Their embrace of new technology is partial. So it is with the chain saw, another complicated symbol of modernity. From many angles, the chain saw is a marvelous tool. The task of felling a tree, which once took hours, now takes minutes. In the village, the elder Jagau son, Jonathan, owns a chain saw, and he sells his services to his fellow villagers, who come into cash by selling pepper or gaining remittances from children or relatives who hold jobs in Kuching, the nearest city, three hours away.

It is against Dayak tradition to sell wood from communal land to outsiders, so that Jonathan only cuts trees when people need the wood.He doesn’t give them raw logs either. In another case of creative improvisation, he uses his chain saw to carve logs into rough planks of wood. He is literally a one-man sawmill thanks to his German-made chain saw.

This sense of scale informs the villagers’ hopes for new technologies. For many years, they have asked the government to bring electricity to their village, and telephone lines too. Jonathan’s father, who goes by the single name Jagau, is the village headman. He says that a new road, to be built along the river, should bring with it power and phone lines. Electricity will be welcomed by making lights and television a daily event, but he is less sure of the telephone’s value.

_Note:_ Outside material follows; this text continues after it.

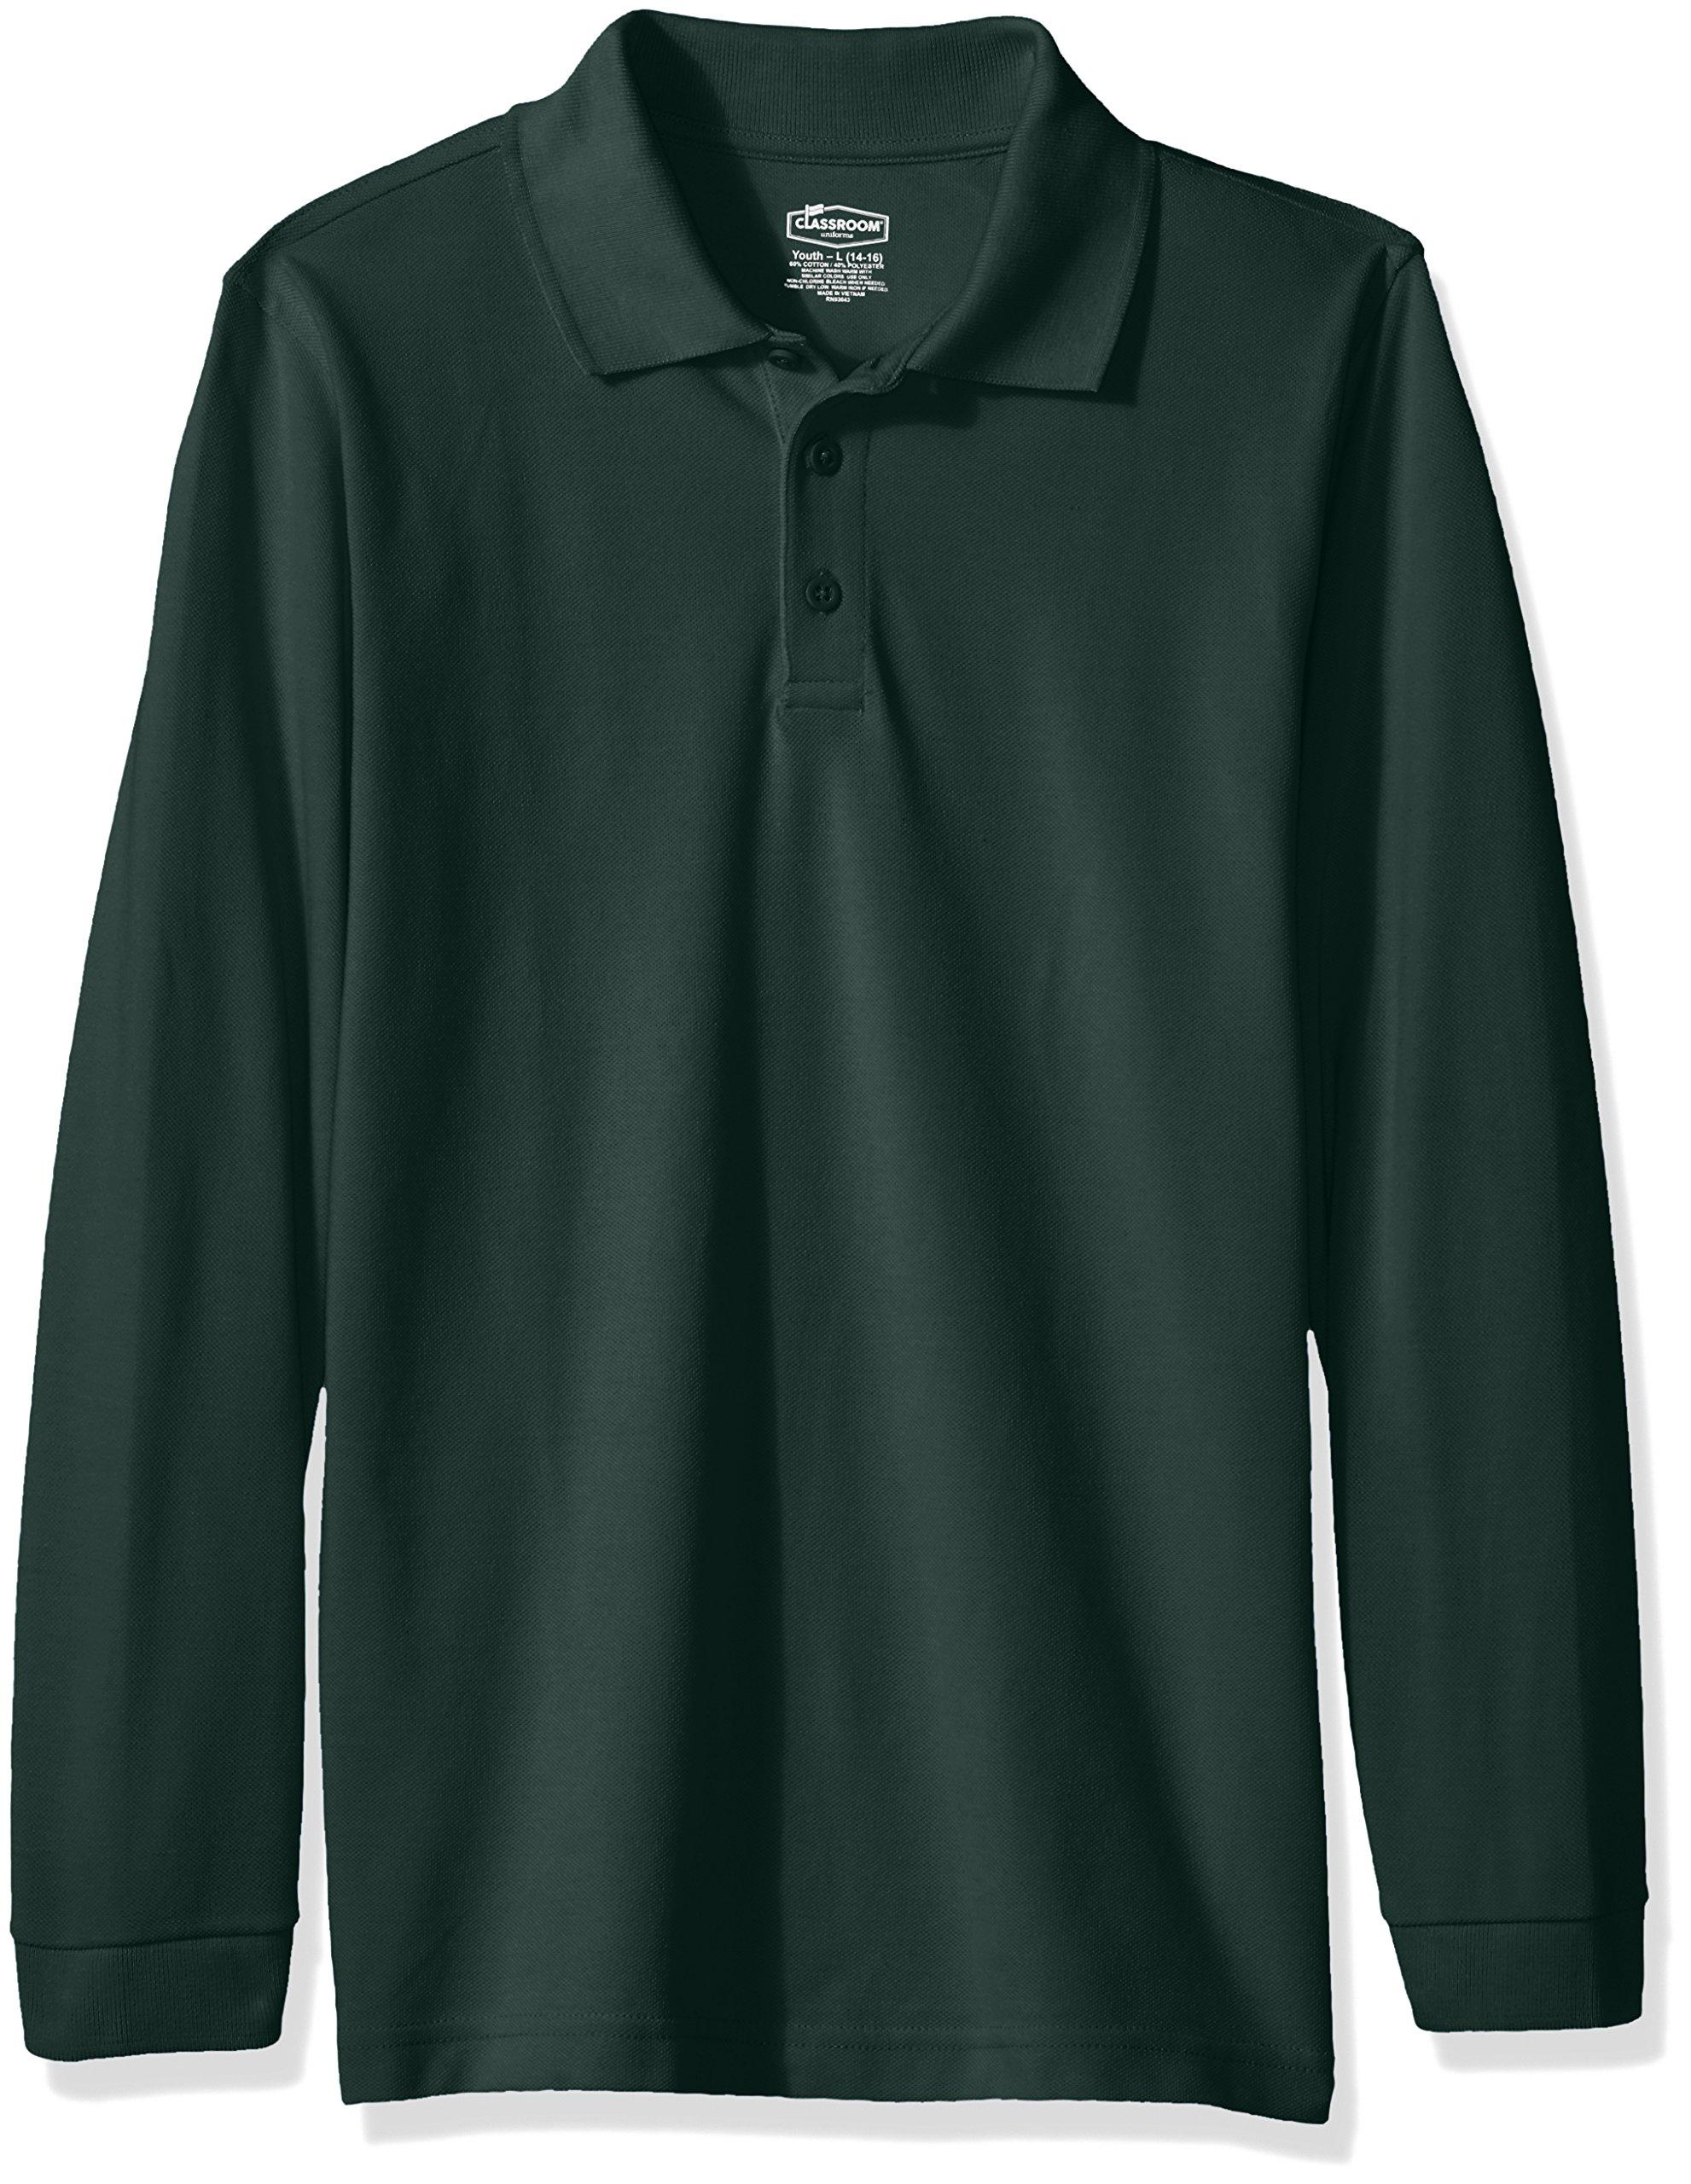 Classroom Big Kids Boys' Uniform Long Sleeve Pique Polo, Sos Hunter Green, L

Standing in his pepper garden one day recently, Jagau, dressed only in a loincloth, prunes a tree with his machete, then catches a breath. I ask him whether he will have a phone inside his house.He looks at me as if I am crazy.”Who would I call?” he asks. Before I can answer, he says the entire village will only need a single phone.

With a swift thrust of his muscular arm, he points to a place in the center of his village, where he imagines the phone will go.